Une nomination contesté dès le début

Le 7 avril, le Président de la République, Joseph Kabila, a nommé Bruno Tshibala Nzenze comme nouveau Premier Ministre du prochain gouvernement d’union nationale.

Secrétaire général adjoint de l’Union pour la Démocratie et le Progrès Social (UDPS), Bruno Tshibala était également porte-parole du Rassemblement de l’Opposition (RassOp) créé en juin 2015. A l’origine, le RassOp était dirigé par un Conseil des Sages, présidé par Etienne Tshisekedi, et par un comité de coordination des activités. Après la mort d’Etienne Tshisekedi, au début de février 2017, le RassOp s’est restructuré, en introduisant un troisième organe, celui de la présidence. Bruno Tshibala a contesté cette réorganisation qui a abouti à la nomination de Félix Tshisekedi (membre de l’UDPS) et de Pierre Lumbi (membre du G7), respectivement comme président du RassOp et président du Conseil des Sages. Se dissociant du tandem Félix Tshisekedi – Pierre Lumbi, Bruno Tshibala est passé au groupe dissident de Joseph Olenghankoyi, une décision qui a conduit à son exclusion de l’UDPS et du RassOp / aile Tshisehedi-Lumbi.

Par conséquent, l’UDPS et le RassOp / aile Félix Tshisekedi – Pierre Lumbi ont rejeté la nomination de Bruno Tshibala et ont accusé le président Kabila d’avoir violé l’accord du 31 décembre 2016, selon lequel le nouveau Premier ministre aurait dû être désigné et présenté par le RassOp et nommé par le Président de la République. Toutefois, s’il est vrai que, à cause de l’impasse des négociations, le RassOp / aile Félix Tshisekedi – Pierre Lumbi n’a présenté aucun candidat au Président de la République, il est tout aussi vrai que, au cours des consultations menées par le Président Kabila, le RassOp / aile dissidente de Joseph Olenghankoyi a présenté une liste de cinq noms, dont celui de Bruno Tshibala.

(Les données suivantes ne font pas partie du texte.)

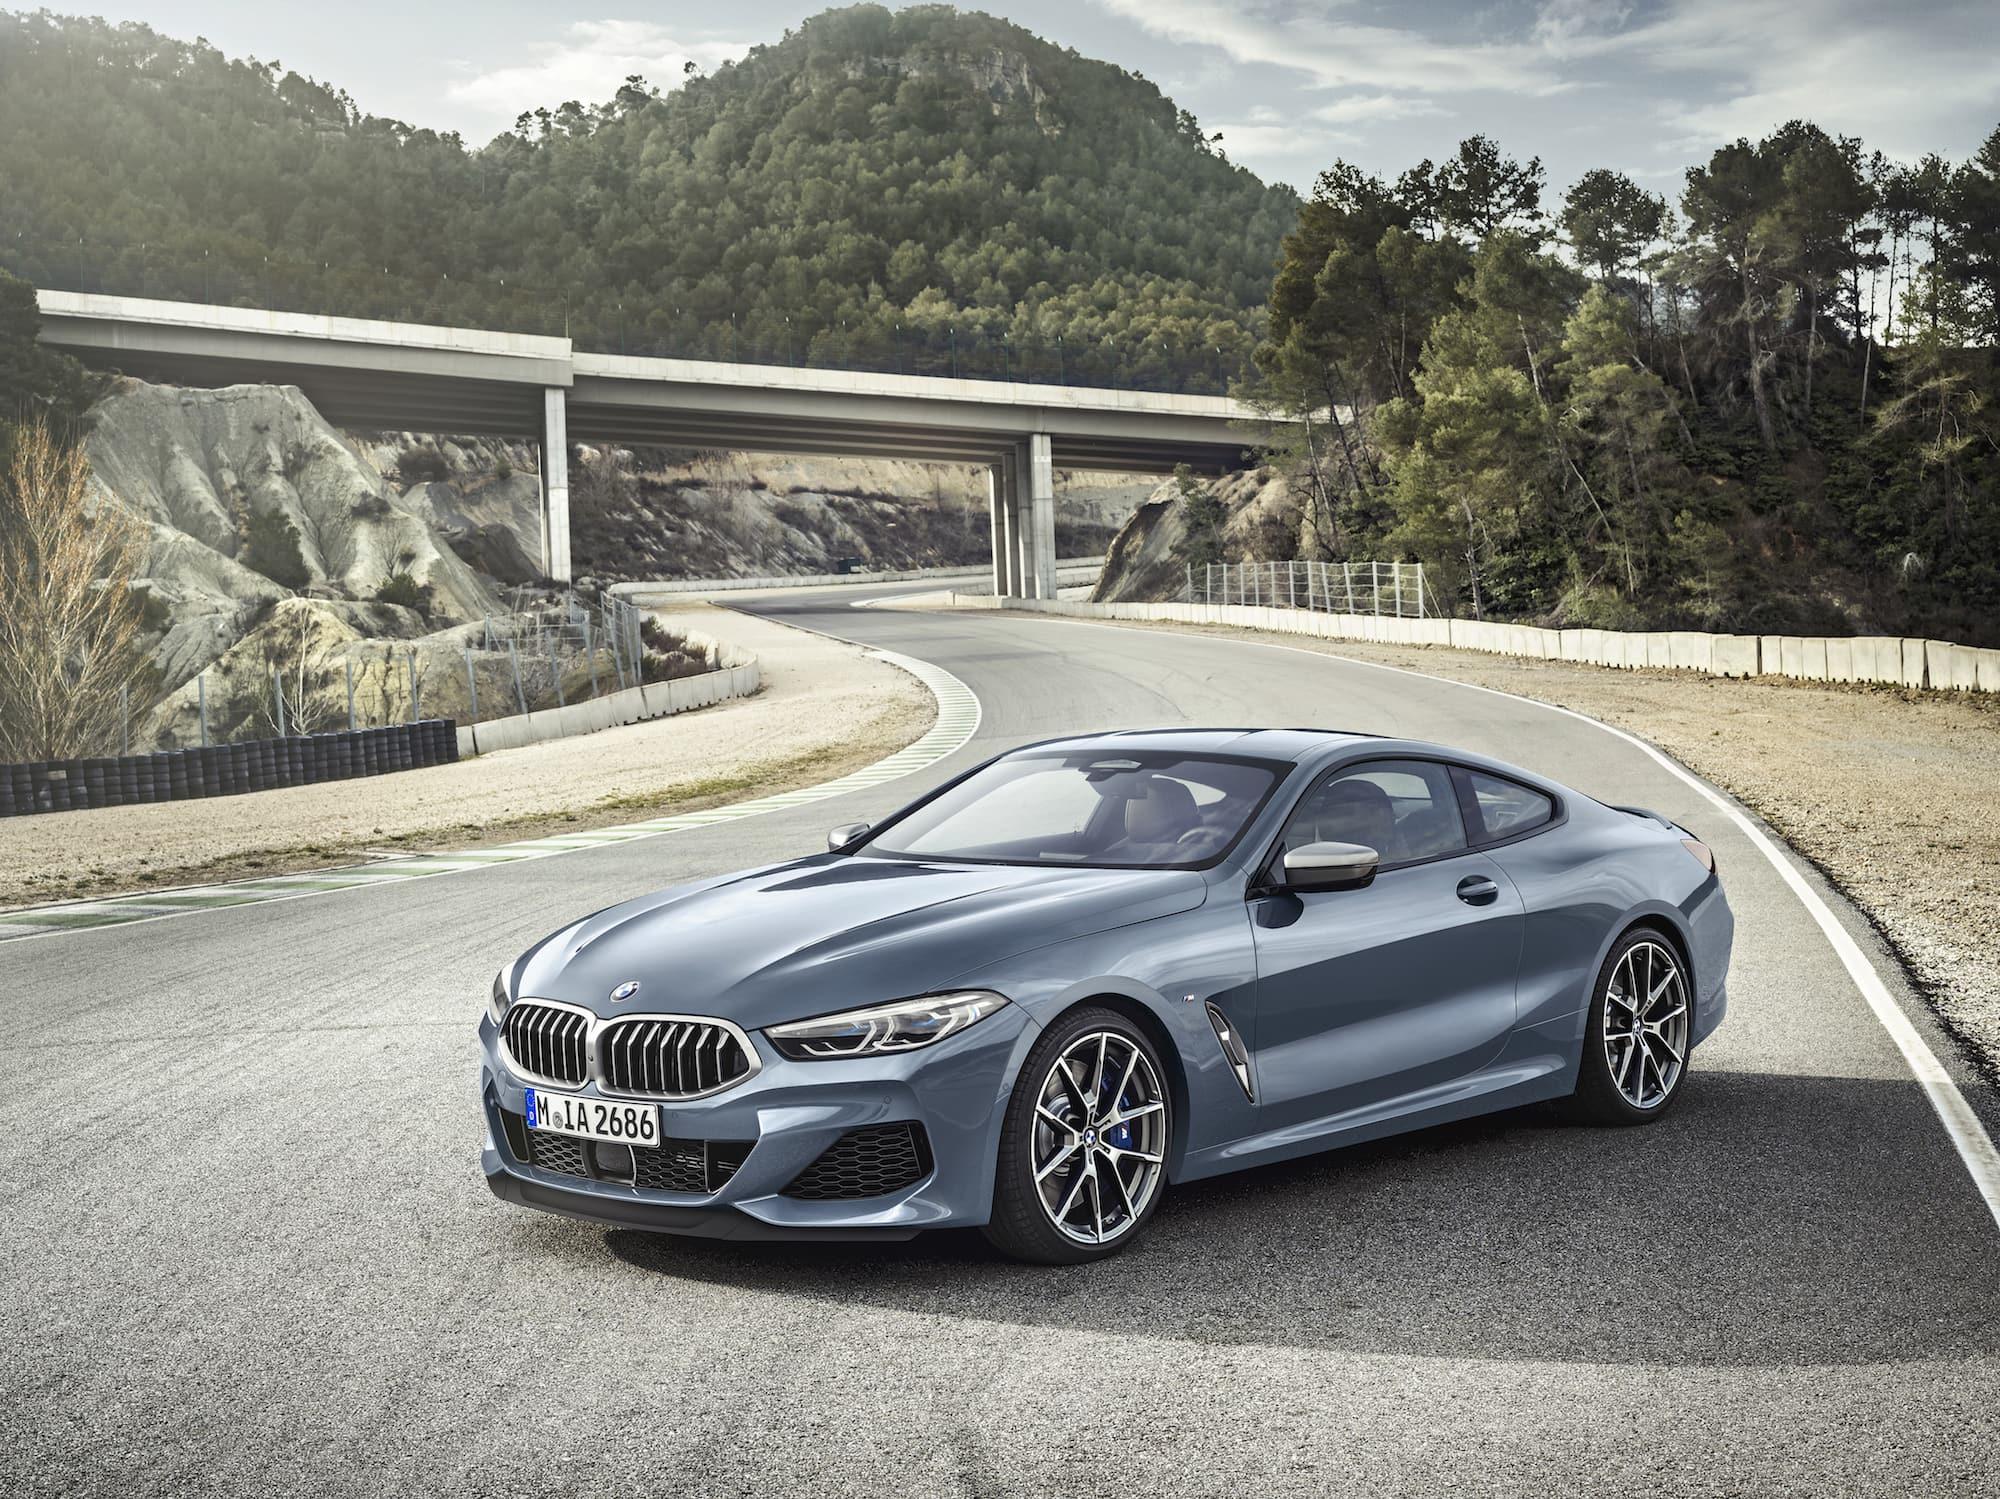 BMW belebt 8er Serie wieder: Das ist der neue BMW M850i xDrive 1

En outre, le RassOp / aile Félix Tshisekedi – Pierre Lumbi reproche au Président Kabila d’avoir nommé un nouveau Premier ministre, sans que les différentes parties impliquées dans le dialogue organisé avec la médiation des évêques de la Conférence Épiscopale Nationale du Congo (CENCO) soient parvenues à un accord sur la façon de mettre en œuvre l’accord du 31 décembre et, par conséquent, sur les modalité de la nomination du nouveau Premier Ministre.

Dans ce contexte, la délégation de l’Union Européenne, la Mission de l’Onu au Congo (MONUSCO) et les ministres des affaires étrangères de la Belgique et de la France ont déclaré d’avoir pris note de la nomination du nouveau Premier ministre, mais ils se sont dits  préoccupés par l’absence de consensus sur sa nomination qui, selon eux, ne respecte pas la lettre et l’esprit de l’accord du 31 décembre 2016, qui prévoit la nomination d’un premier ministre proposé par le RassOp  et nommé, par la suite, par le Président de la République.

Les défis majeurs du nouveau Premier Ministre

Après avoir mis tout le monde devant le fait accompli, le Président Kabila doit maintenant assumer la responsabilité de la mise en œuvre de l’Accord du 31 décembre, en particulier en ce qui concerne l’organisation des élections présidentielles, législatives nationales et législatives provinciales avant la fin du mois de décembre 2017, comme prévu par l’accord cité. La disposition selon laquelle le nouveau gouvernement, la Commission électorale et le Conseil de Suivi de l’Accord pourront décider une autre date au-delà du mois de décembre 2017, si la situation l’exigeait, ne pourra pas être un prétexte pour prolonger indéfiniment sa présence à la Présidence de la République.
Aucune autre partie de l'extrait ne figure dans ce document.